After five years at Nine, CEO Hugh Marks is set to leave the network.
An announcement will be made to the market on Monday, and Nine will then commence a formal process for both internet and external candidates for his replacement.
In an email from Marks sent to all staff and seen by B&T, he wrote: “After five successful years for Nine, I have decided the time is right for me begin the process of moving on.
“I want to take this opportunity to tell you what a privilege it has been leading this business over a truly transformational period for both the media market generally, and particularly our business.
“We have gone from being three separate, legacy media businesses in Nine, Fairfax Media and Macquarie Media, each with their own structural challenges, and created a business that now has a diversified revenue base across both advertising and subscription, and that has a clear growth strategy for decades to come.
“We have demonstrated the importance of great content, be that in the powerful and unique journalism we create every day, across all platforms, or in entertainment, where the shows we build become household names and engage Australians in their millions. Because at the end of the day, we are, and will remain, a content business.”
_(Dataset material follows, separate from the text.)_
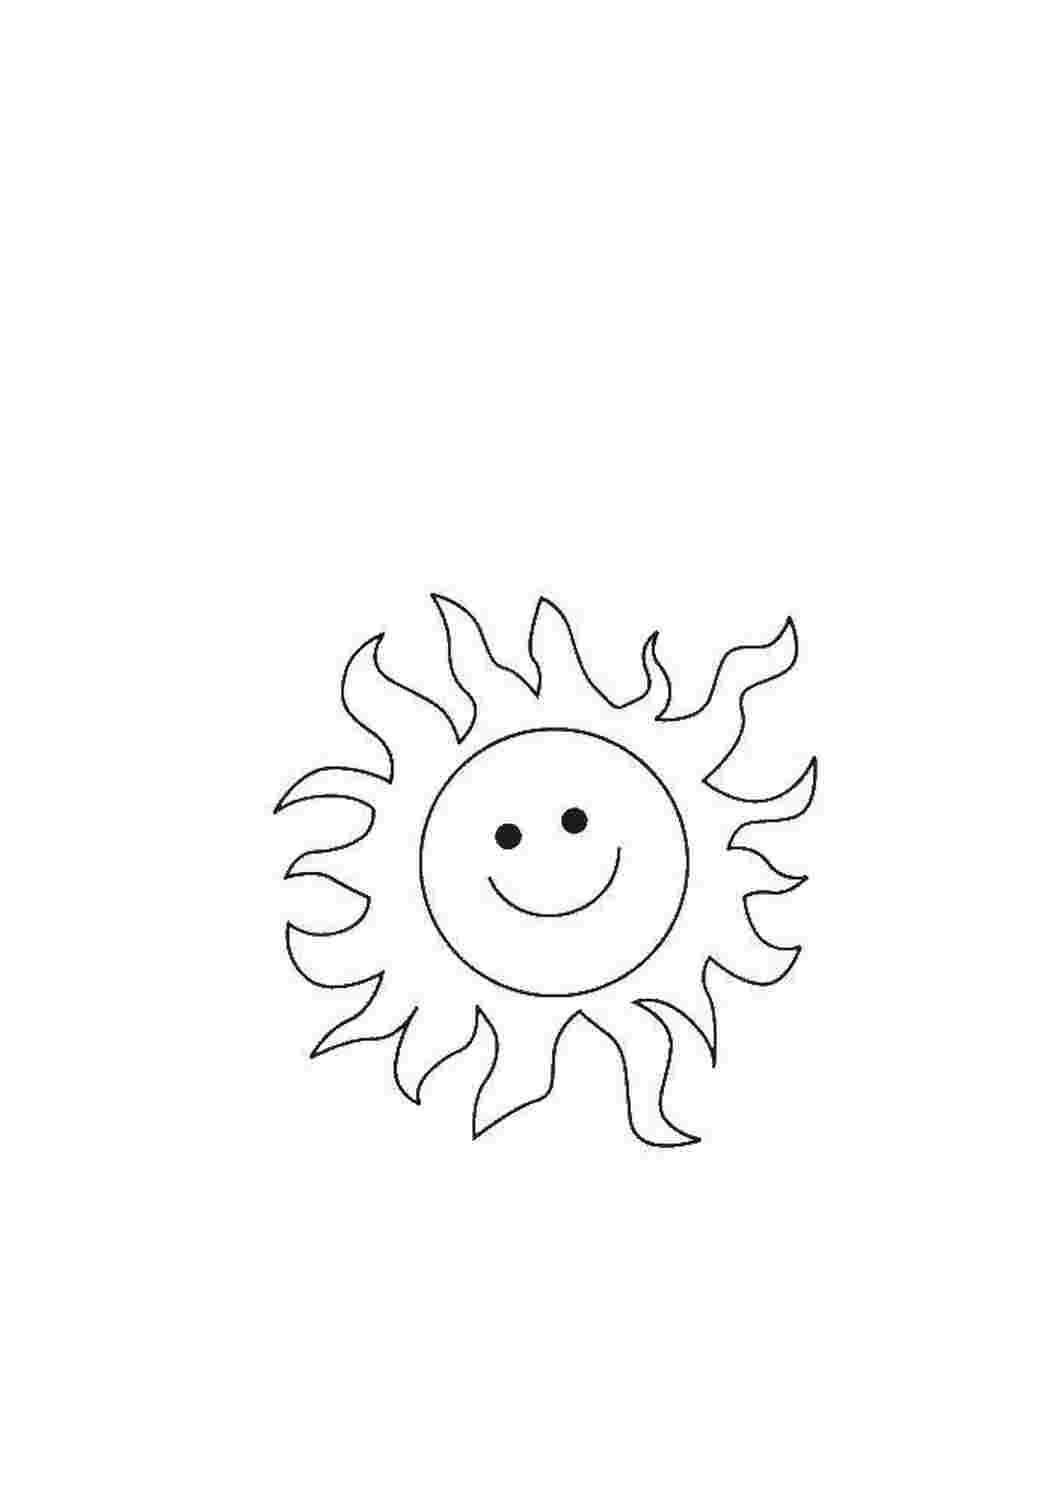 Покажи как нарисовать солнце

It is unclear his next moves.
On Thursday Nine gave a company and trading update at its annual AGM revealing an upgraded profits guidance, as well as its plan looking to the rest of the financial year.
During its August results, Nine expected Q1 free-to-air revenue to be down 15 per cent, which proved to be broadly correct.
However, since the end of September, the FTA advertising market and Nine’s share of that market, have both improved off the back of State of Origin and NRL Finals. As such, Nine’s December quarter is now expected to show growth in Metro FTA advertising revenue of around 15 per cent.
Nine now expects metro TV ad revenues in the December half to be broadly flat on the prior period, and 9Now revenues in the December half to be up around 25 per cent on the prior period.
It also expects to be up 30 per cent in first half earnings before interest, tax, depreciation and amortisation pre specific items.